The due diligence defence allows a director to escape personal liability for unremitted source deductions or HST if they can prove they exercised the care, diligence, and skill to prevent the failure that a reasonably prudent person would have exercised in comparable circumstances. This requires demonstrating active oversight of remittances — monitoring financial health, verifying remittance status, and taking steps to prevent failures — not just delegating to others.

Does resigning as a director protect me from liability?+

Resignation can limit future liability but does not retroactively eliminate liability for failures that occurred during your tenure. Claims against a director for unpaid wages or unremitted taxes must be made within two years of their resignation or removal. Resigning in the face of financial difficulty — without evidence of prior diligence — is not a defence to liability for failures that have already occurred.

Does directors and officers (D&O) insurance cover tax liability?+

Most D&O insurance policies do not cover personal liability for unremitted payroll source deductions or HST — these are statutory obligations that courts treat as tax debts rather than claims arising from corporate management decisions. Directors should carefully review their D&O policy coverage with a qualified insurance broker. Some policies cover defence costs even when the underlying liability is not covered.
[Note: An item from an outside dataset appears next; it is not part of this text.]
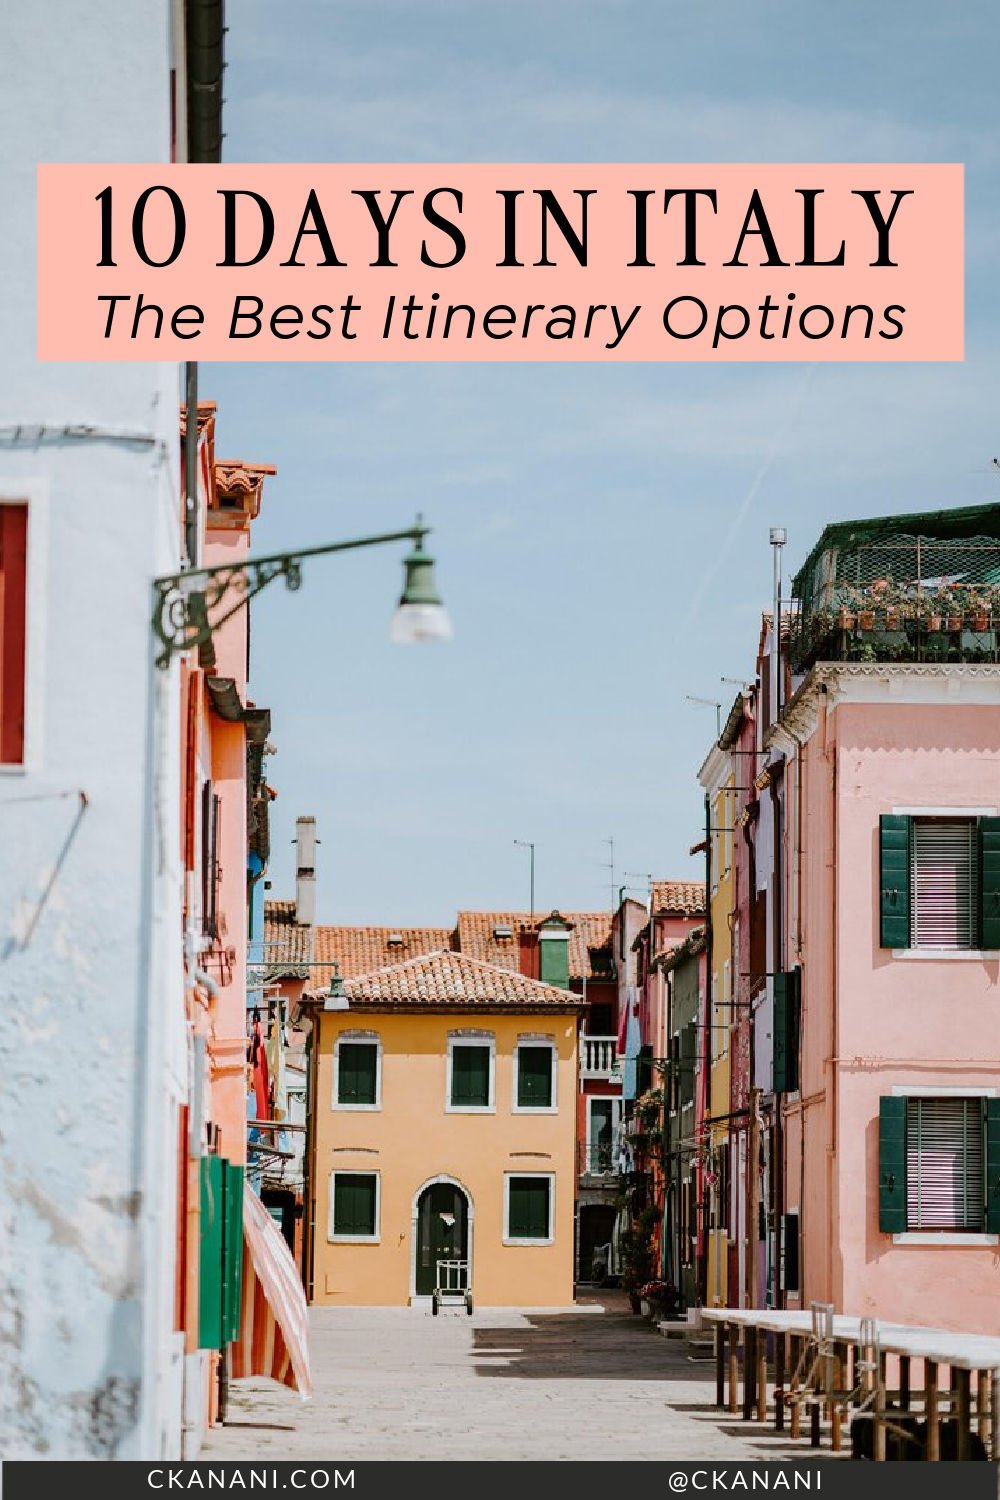 The best Italy itinerary! How to spend 10 days in Italy. Italy travel tips, Italy traveling, Italy vacation, Italy travel guide, Italy trip, Italy vacations, Italy travel destinations, Italy trips

Can a corporation indemnify its directors for personal liability?+

Under Section 136 of the OBCA, the corporation may (and often must, if the director acted honestly and in good faith) indemnify directors for costs and liabilities incurred in their role as director. However, corporate indemnification is only valuable if the corporation has the financial resources to honour it. In insolvency situations — the same circumstances that typically give rise to director liability — the corporation's indemnification promise may be worthless.